Over the past six years, Kimberly and Jason have undergone counseling, separated, made amends, separated again and come back together again. After their first separation, Kimberly changed dramatically from the demure wife she once was. “Suddenly you’re not under a thumb anymore,” she says. “I got very loud.”
Loud meant Kimberly drew hard lines in her marriage: Jason could come home, but he could only sleep on the couch. Kimberly, meanwhile, began taking classes designed to help domestic-violence survivors heal from the abuse. And in 2011, she started telling her story to people she never thought would listen: men who’d abused their partners.
Through her classes, Kimberly learned of and was eventually asked to speak on a panel for Domestic Violence Safe Dialogue (DVSD), a Portland nonprofit with a mission of allowing survivors to “speak to domestic violence offenders honestly” about their experiences. DVSD hosts Survivor Impact Panels (SIP) through two Portland-area counties. Survivors speak to a crowd of offenders at least 26 weeks into court-ordered therapy, discussing how domestic violence affected their lives. (They don’t know the offenders in the audience.) The men listen, then ask questions.
DVSD was founded in 2000 by Carrie Outhier Banks, a former domestic-violence-shelter worker with a Ph.D. in conflict analysis. The organization applies restorative justice to situations of intimate-partner violence—an idea that came to her after years hearing the women in the shelters wonder if they were at fault for their abuse. “You just keeping hearing over and over ,‘I wish I could understand,’” she says.
Restorative justice—a term popularized by criminologists in the 1990s— is a victim-centered, dialogue-based practice that attempts to repair the harm caused by crimes. It can be run by the criminal-justice system or outside organizations, and is often used in property crimes—broken fences, stolen goods. But recently, it’s trickled into other, bigger arenas. In 2013, The New York Times reported on a murder case in which the parents of a young woman who was killed by her boyfriend used restorative-justice tactics to weigh in on sentencing, in conjunction with the boyfriend and the prosecutor.

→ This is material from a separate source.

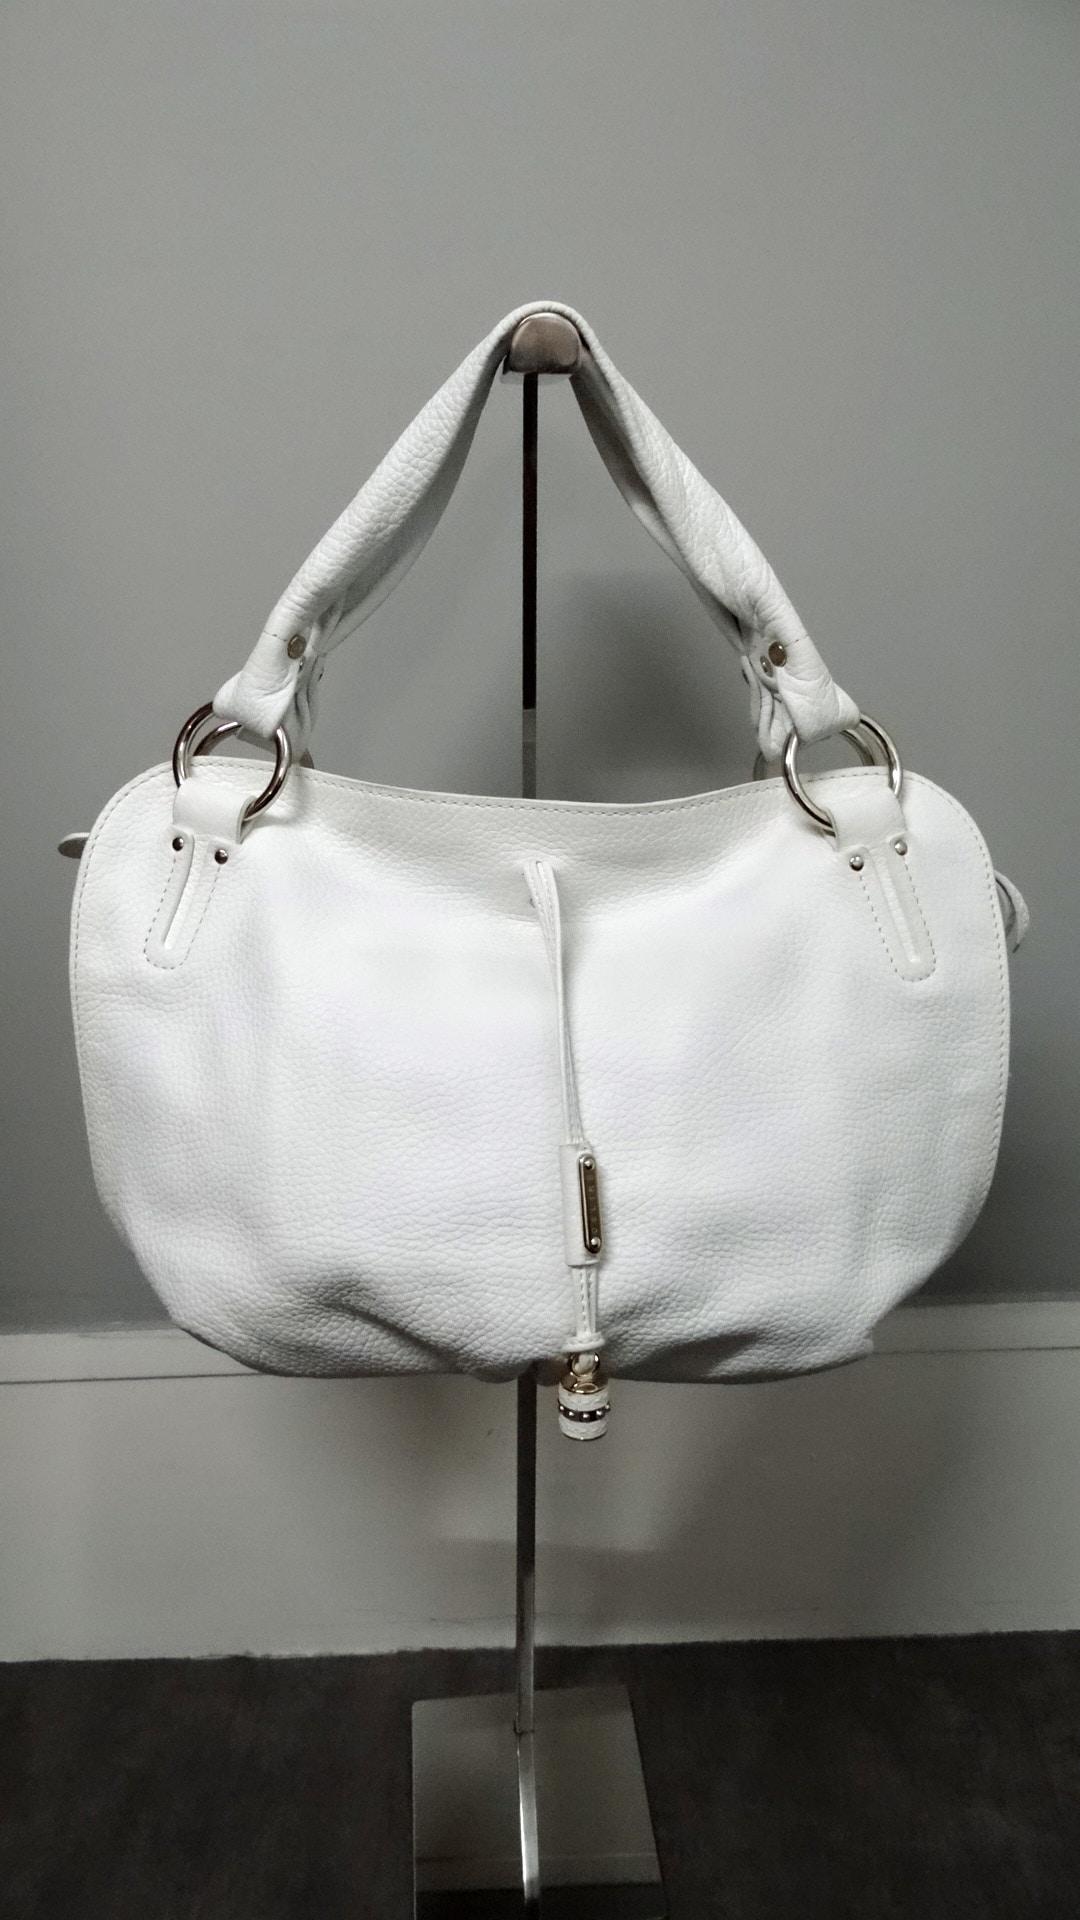 Blanc Sac Celine Neuf Cuir Comme uFKT13lJc5

In the context of partner violence, though, the concept is still a controversial one. Banks recalls the day she first proposed her idea at a national domestic-violence conference in 2000: Why not bring together a survivor and an offender, neither of whom knows the other, and let them have a dialogue?

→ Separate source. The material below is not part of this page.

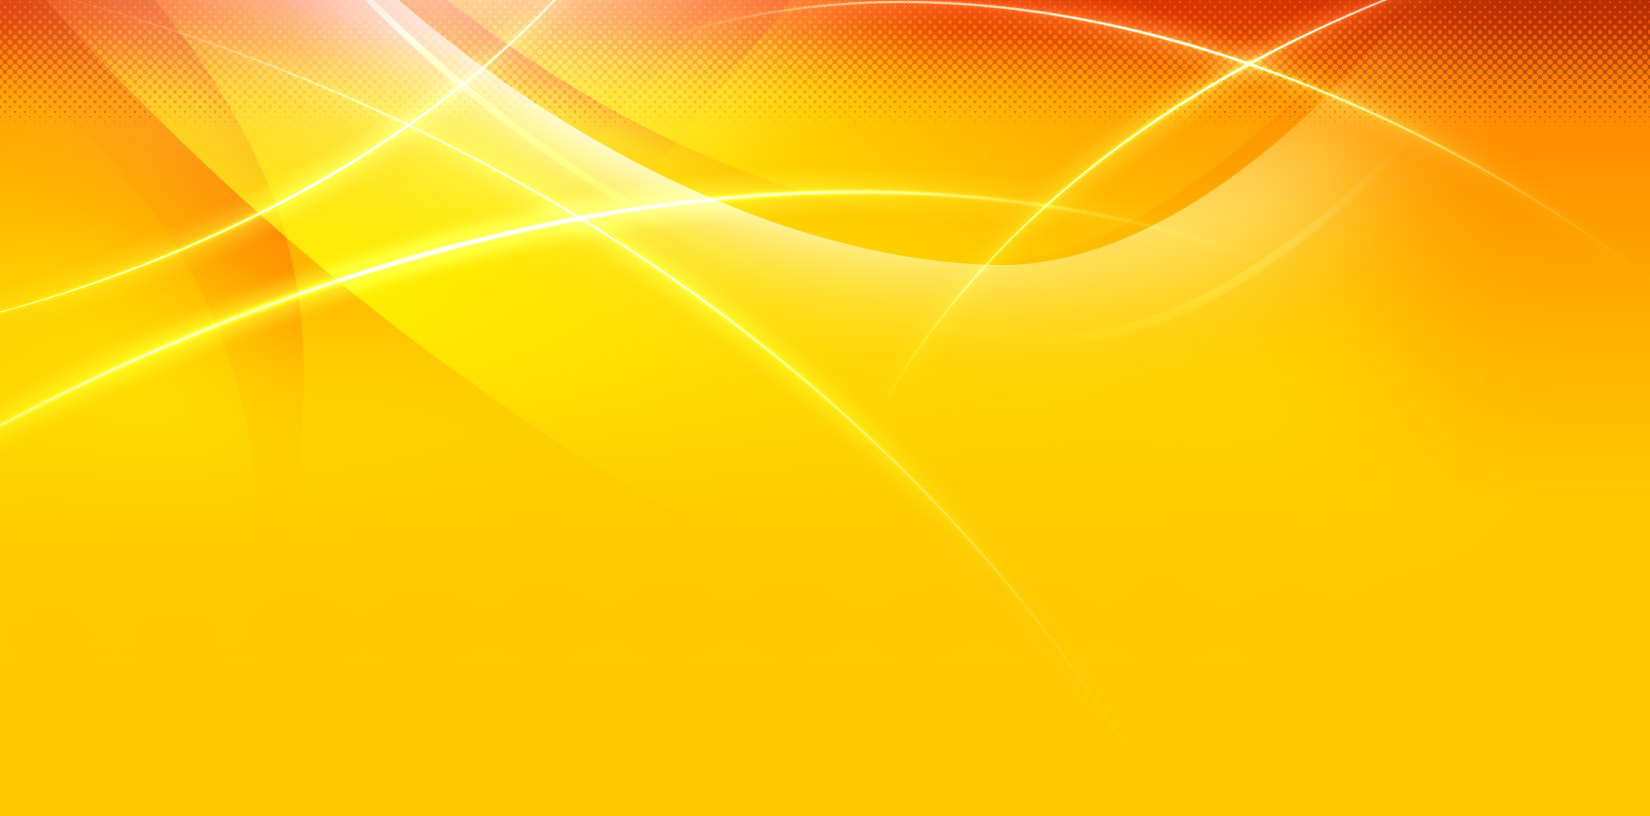 Background Orange Page 1
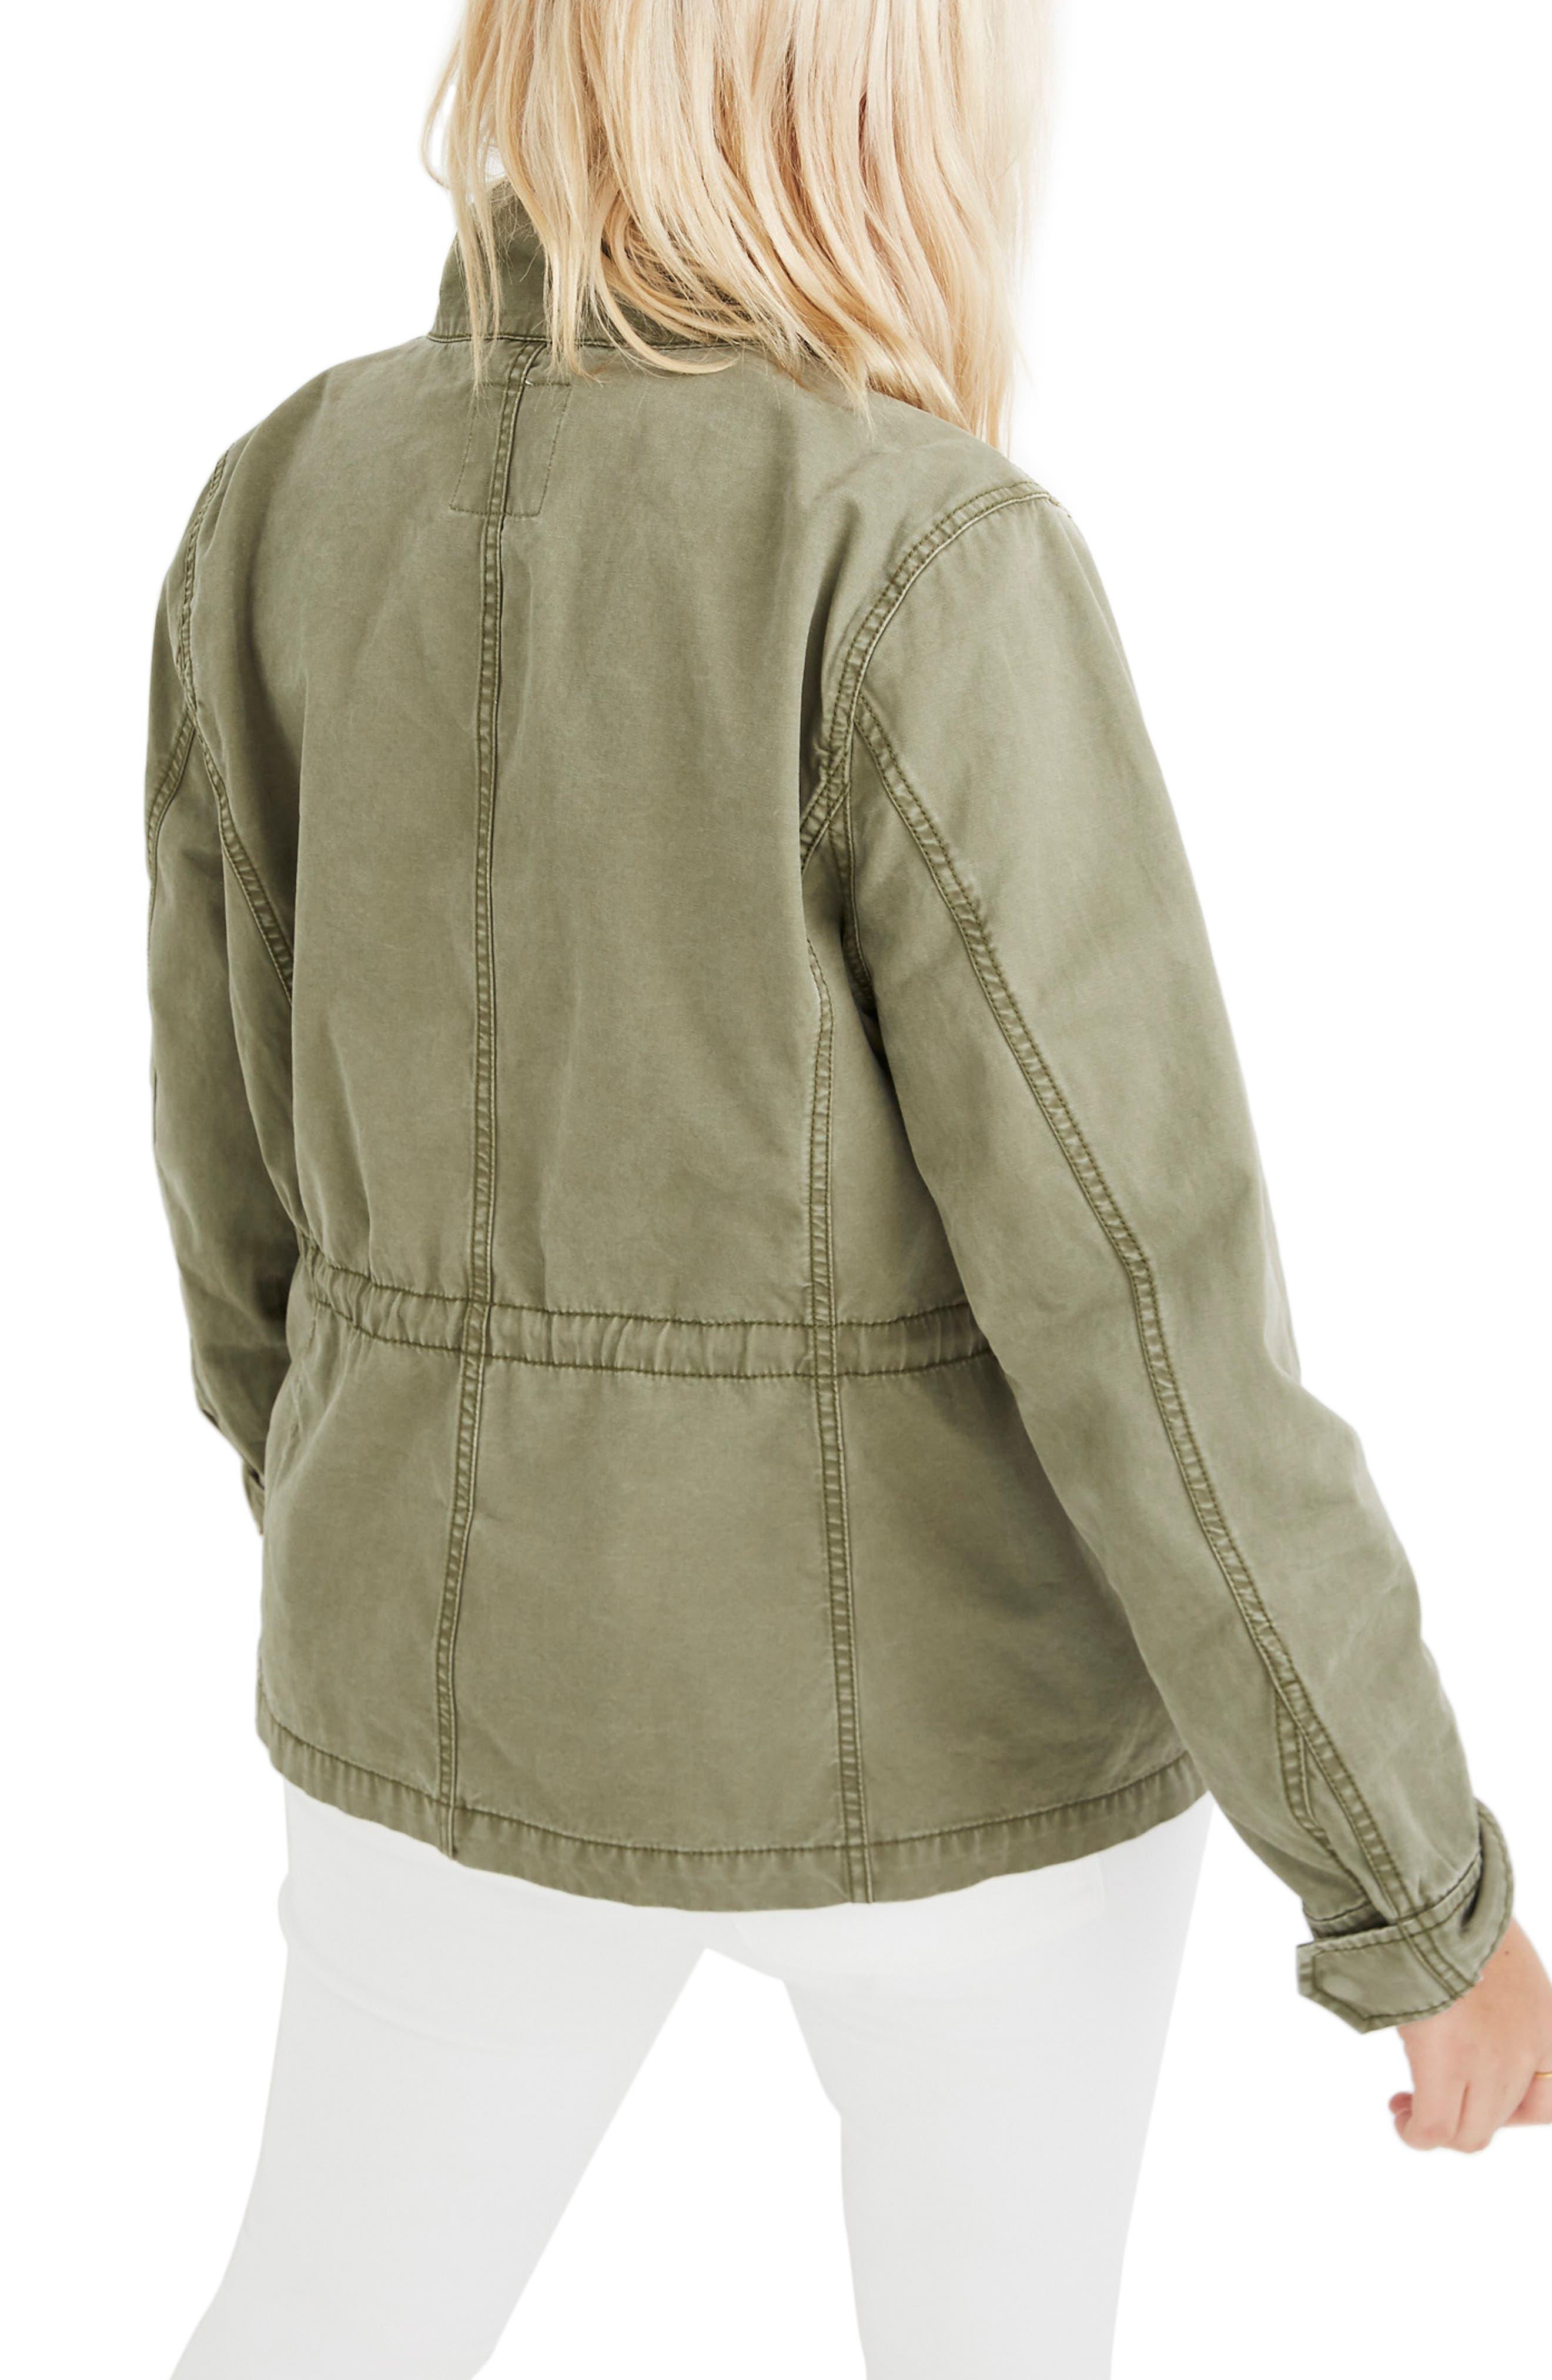 MADEWELL,                             Surplus Cotton Jacket,                             Alternate thumbnail 7, color,                             DESERT OLIVE

The idea wasn’t a popular one. “The criticism at the time was survivors aren’t strong enough,” Banks says. “[People said,] ‘How dare you? You’re going to re-victimize them.’”
“I was told to leave the conference,” she adds. “I was stunned.”
Banks wasn’t the first to apply restorative justice to domestic abuse—and she’s also not the first to come under fire for it. When the criminologist John Braithwaite co-wrote a paper on the idea 20 years ago, he says, it was “extremely controversial.”